§ WHAT IS BEING ASKED:
In the listing below, print exactly the lines between the line holding "Lyco'pedi Refreshing Soak 500ml" and the line holding "The Gray superb Living Room", inclusive, and no more.

---------- RECORDS FOR THE TASK ----------

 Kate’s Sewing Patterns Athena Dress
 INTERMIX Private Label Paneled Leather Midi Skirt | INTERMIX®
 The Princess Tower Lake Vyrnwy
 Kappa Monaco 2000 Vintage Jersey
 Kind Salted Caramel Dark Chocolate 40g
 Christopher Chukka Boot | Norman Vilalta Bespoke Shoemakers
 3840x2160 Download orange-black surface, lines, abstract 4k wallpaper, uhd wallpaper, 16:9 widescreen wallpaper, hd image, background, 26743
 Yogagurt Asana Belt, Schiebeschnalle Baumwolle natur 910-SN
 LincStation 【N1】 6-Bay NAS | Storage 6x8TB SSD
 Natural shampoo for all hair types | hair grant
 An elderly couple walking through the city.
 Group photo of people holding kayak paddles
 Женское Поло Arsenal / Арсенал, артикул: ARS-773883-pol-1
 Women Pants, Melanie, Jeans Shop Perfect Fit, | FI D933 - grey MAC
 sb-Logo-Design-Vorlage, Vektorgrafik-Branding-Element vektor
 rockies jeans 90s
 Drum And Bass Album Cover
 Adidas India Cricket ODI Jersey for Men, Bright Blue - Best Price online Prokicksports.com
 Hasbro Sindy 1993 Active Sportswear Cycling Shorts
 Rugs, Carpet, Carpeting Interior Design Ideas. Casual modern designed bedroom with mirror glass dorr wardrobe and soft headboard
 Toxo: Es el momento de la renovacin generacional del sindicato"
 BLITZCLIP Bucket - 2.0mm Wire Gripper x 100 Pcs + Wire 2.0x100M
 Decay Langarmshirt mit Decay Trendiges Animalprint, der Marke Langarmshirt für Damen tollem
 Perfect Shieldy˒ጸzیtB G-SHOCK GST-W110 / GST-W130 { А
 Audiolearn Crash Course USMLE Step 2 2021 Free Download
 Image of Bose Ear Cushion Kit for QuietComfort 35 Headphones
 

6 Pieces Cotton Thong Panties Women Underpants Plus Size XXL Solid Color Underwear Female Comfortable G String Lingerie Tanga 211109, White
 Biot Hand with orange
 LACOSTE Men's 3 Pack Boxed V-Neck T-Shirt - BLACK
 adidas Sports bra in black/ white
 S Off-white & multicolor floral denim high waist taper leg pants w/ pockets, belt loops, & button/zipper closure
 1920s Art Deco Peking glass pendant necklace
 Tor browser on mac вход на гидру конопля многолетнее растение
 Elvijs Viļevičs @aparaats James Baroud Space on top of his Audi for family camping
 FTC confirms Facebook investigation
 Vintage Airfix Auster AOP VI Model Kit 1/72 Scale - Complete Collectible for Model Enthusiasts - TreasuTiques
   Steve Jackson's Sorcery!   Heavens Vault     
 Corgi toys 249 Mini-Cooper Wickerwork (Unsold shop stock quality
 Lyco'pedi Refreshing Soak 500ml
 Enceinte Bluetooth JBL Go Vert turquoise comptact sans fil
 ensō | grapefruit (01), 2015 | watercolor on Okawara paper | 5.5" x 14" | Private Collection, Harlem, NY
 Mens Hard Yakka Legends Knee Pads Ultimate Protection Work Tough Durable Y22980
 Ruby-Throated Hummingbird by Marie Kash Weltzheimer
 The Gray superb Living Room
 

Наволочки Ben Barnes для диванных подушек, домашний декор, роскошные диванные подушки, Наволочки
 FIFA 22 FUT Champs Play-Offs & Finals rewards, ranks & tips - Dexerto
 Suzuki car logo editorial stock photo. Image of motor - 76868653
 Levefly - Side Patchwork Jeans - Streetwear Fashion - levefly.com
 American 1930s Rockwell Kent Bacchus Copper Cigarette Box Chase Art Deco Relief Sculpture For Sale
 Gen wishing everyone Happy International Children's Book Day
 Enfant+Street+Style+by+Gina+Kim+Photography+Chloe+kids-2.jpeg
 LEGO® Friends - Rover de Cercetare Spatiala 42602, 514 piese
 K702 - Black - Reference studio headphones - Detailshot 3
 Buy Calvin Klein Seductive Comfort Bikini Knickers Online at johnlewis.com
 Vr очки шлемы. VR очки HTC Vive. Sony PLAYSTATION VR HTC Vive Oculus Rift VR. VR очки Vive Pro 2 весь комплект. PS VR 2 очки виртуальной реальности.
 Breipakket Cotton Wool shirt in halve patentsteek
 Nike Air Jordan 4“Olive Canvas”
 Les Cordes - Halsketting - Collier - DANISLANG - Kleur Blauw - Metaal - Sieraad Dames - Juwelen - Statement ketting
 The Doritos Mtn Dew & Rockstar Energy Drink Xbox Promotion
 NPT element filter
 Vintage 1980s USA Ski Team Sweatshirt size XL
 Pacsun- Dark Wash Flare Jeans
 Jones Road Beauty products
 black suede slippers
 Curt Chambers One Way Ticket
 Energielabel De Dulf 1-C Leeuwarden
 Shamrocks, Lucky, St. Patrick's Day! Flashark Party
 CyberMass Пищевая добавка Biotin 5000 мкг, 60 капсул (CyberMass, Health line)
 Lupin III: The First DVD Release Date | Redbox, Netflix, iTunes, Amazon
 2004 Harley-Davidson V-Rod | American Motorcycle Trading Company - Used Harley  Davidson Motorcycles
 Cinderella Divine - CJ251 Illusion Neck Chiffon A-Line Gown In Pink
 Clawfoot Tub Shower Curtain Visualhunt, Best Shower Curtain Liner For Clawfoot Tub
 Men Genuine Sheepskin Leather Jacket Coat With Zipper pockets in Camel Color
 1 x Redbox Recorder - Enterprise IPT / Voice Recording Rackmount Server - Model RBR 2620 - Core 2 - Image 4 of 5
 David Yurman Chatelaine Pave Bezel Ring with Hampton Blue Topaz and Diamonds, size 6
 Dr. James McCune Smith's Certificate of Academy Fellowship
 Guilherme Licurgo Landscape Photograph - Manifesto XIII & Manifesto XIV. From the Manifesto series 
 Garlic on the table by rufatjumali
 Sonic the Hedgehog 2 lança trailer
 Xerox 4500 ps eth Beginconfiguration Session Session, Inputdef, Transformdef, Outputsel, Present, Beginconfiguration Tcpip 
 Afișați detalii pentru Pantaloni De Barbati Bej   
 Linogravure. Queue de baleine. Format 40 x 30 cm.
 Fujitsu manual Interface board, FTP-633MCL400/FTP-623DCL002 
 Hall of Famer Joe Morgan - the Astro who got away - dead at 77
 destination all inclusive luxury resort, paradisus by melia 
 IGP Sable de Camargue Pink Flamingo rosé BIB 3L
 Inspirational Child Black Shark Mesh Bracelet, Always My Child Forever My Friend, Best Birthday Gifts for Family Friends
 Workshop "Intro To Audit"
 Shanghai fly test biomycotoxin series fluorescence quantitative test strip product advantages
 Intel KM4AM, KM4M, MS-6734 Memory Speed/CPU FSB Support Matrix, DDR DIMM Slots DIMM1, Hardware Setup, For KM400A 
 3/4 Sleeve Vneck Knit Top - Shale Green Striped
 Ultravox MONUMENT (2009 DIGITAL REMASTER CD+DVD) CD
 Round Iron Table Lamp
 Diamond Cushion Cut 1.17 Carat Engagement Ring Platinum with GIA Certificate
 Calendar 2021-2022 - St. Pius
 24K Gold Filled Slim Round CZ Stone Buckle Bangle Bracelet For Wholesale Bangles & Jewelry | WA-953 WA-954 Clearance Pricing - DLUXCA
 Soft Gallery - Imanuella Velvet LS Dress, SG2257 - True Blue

----------

§ RESPONSE TO THE TASK:
 Lyco'pedi Refreshing Soak 500ml
 Enceinte Bluetooth JBL Go Vert turquoise comptact sans fil
 ensō | grapefruit (01), 2015 | watercolor on Okawara paper | 5.5" x 14" | Private Collection, Harlem, NY
 Mens Hard Yakka Legends Knee Pads Ultimate Protection Work Tough Durable Y22980
 Ruby-Throated Hummingbird by Marie Kash Weltzheimer
 The Gray superb Living Room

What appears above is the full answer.